What happened
Moca Network published the new mechanism on Thursday, according to CryptoBriefing's report. Stakers holding Staking Power, the non-transferable balance accrued by locking the project's native asset, can now burn that balance to mint LLM tokens. Those LLM tokens are the unit of payment for inference calls made by AI agents running against models integrated with Moca's identity stack.
The flow runs one way. Staking Power goes in, LLM tokens come out, and the LLM tokens are consumed when an agent makes a call. There is no path back to staked principal once burned. CryptoBriefing framed the move as an attempt to redefine digital identity's role in AI economics, tying token utility to resource allocation and consumption.
The initial coverage did not include conversion ratios, a cap on weekly mints, or fee splits between model providers and the protocol treasury. Those details will decide whether the burn meaningfully tightens supply or remains symbolic.
Why it matters
Most staking economies pay holders to do nothing. Lock the token, earn the yield, exit when the unlock clears. Moca's design inverts that. Staking accrues a balance you spend, not a balance you compound. The exit is a burn, and the burn pays for compute.

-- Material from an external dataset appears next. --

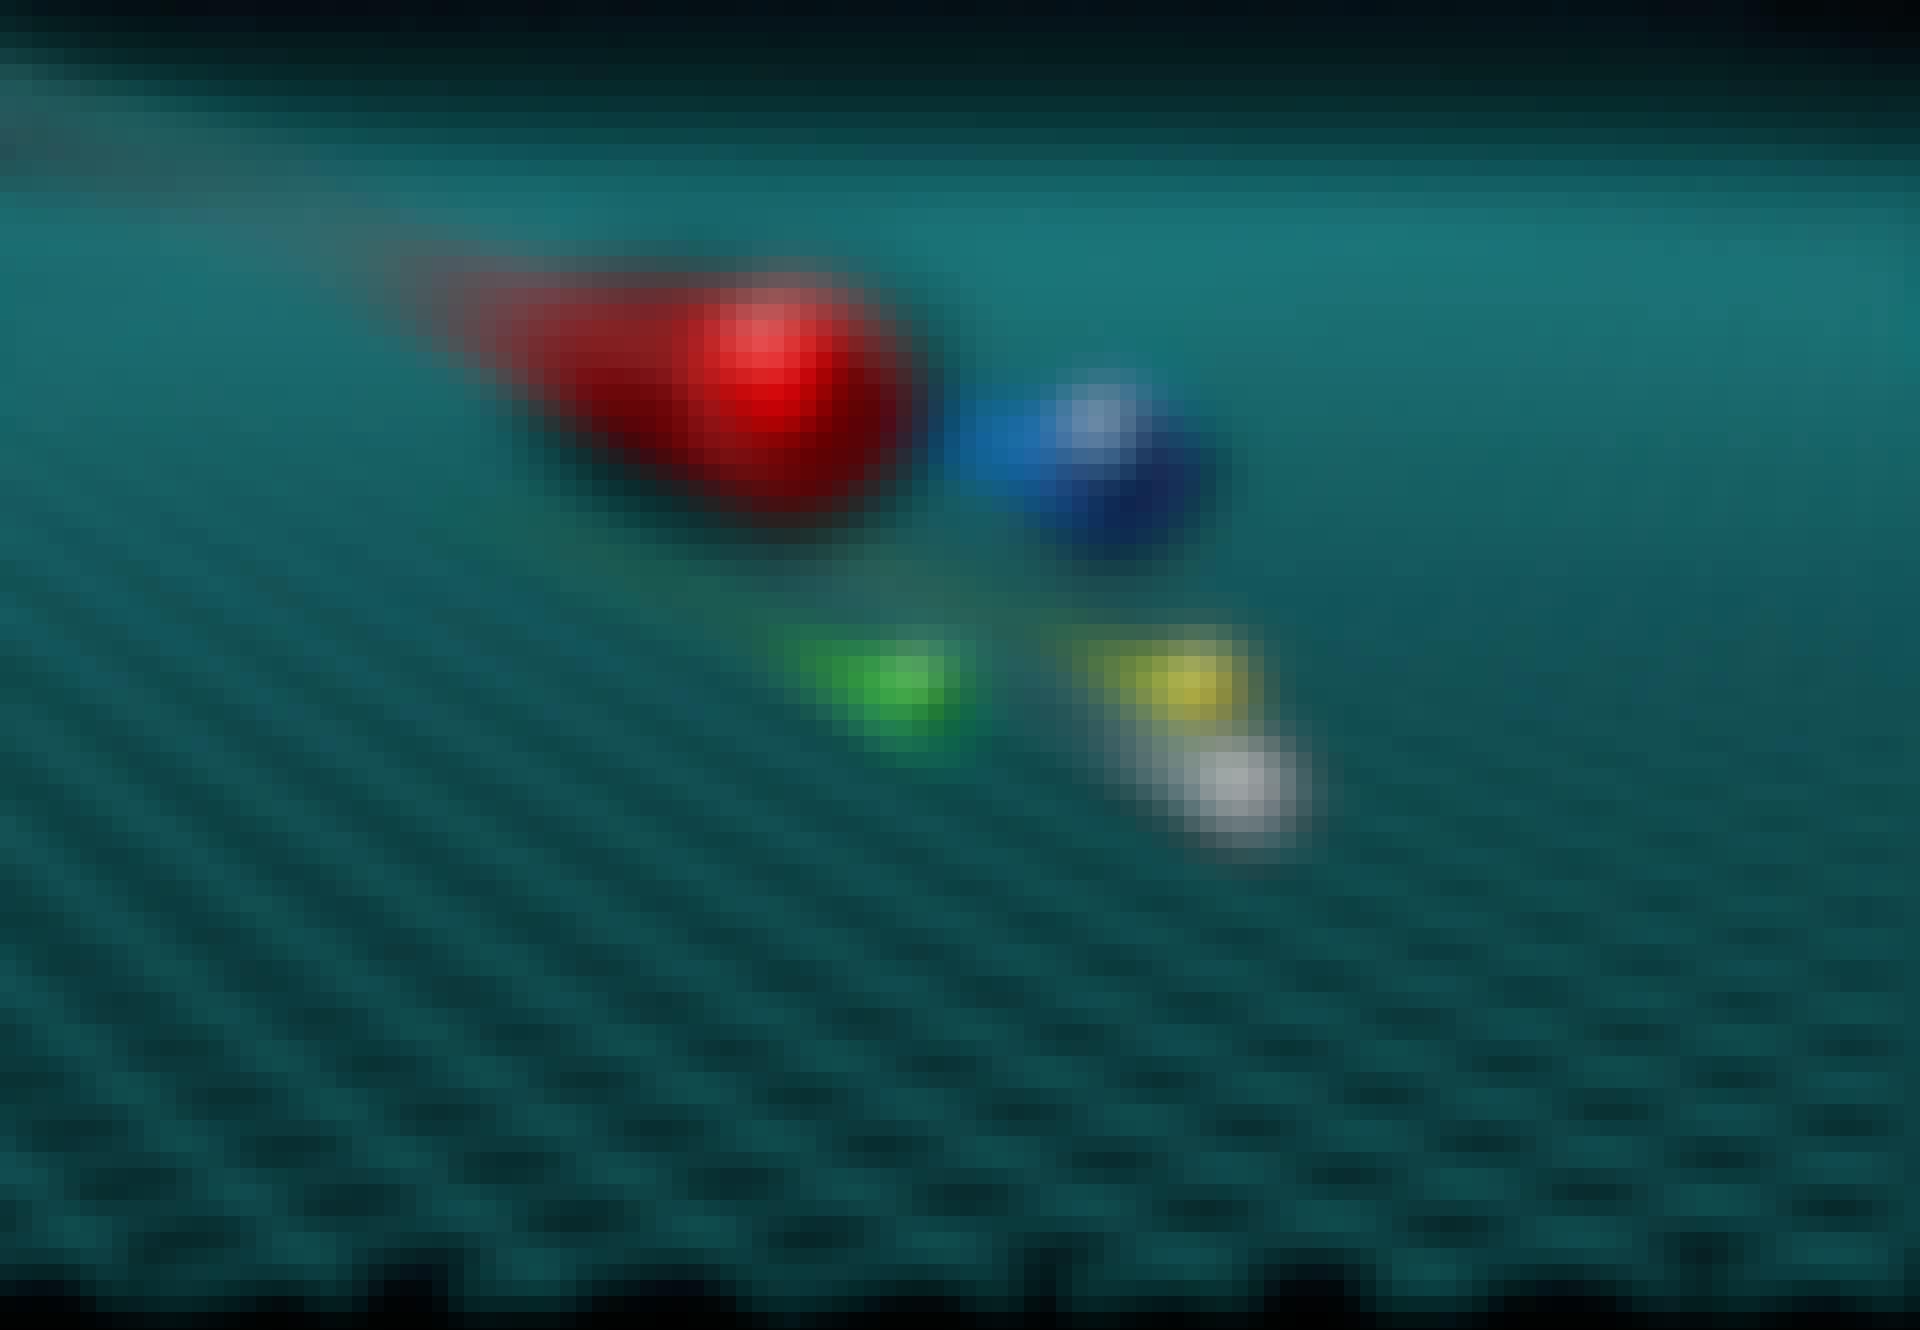 Hiukkaset kaikkeuden nopeusrajoitukset - Higgsin kenttä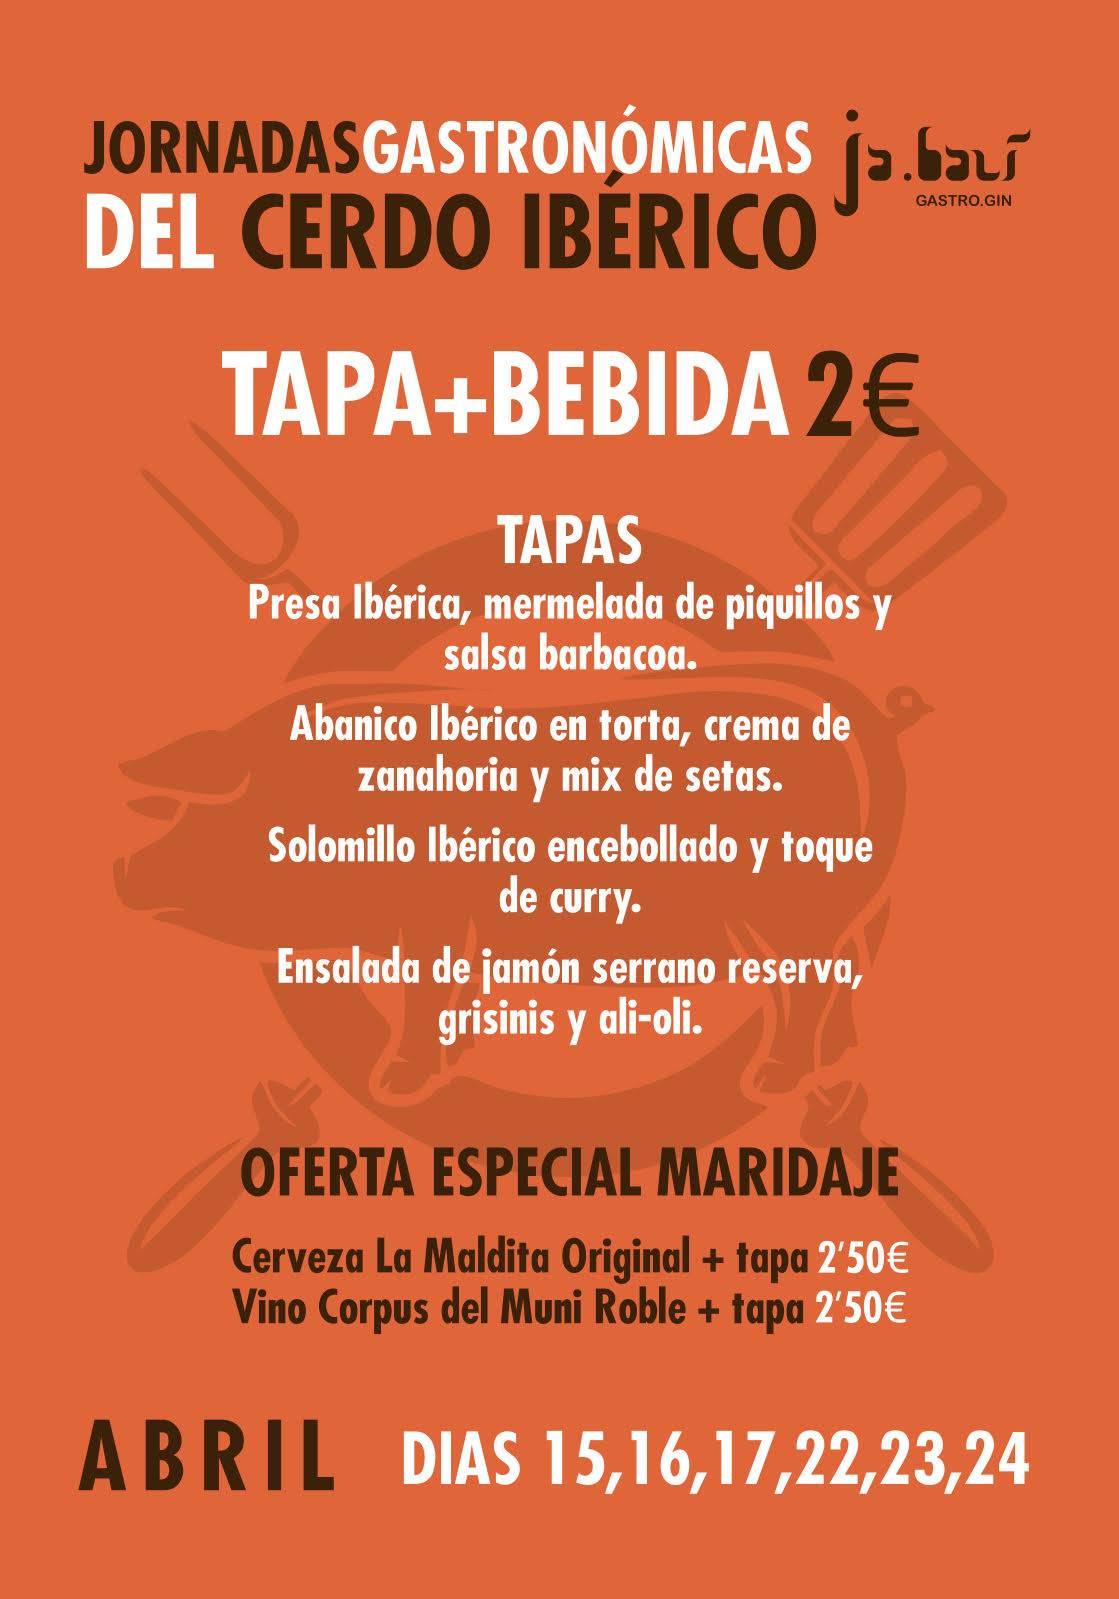 carta de las jornadas gastronomicas del cerdo iberico - Jornadas gastronómicas sobre el cerdo ibérico en Ja.bali Gastro

That matters for two reasons. First, it ties token demand to actual usage of the AI agents the network is positioning itself around. If the agents see traction, the burn pulls supply. If they do not, the staking layer offers nothing else to hold for. Yield-free staking is a high-conviction design choice.
Second, it makes identity a billing primitive. Moca's stack was built around persistent crypto-native identity. Connecting that identity to a metered, burnable resource means every agent action carries an authenticated user behind it. Regulators chasing AI accountability frameworks will notice.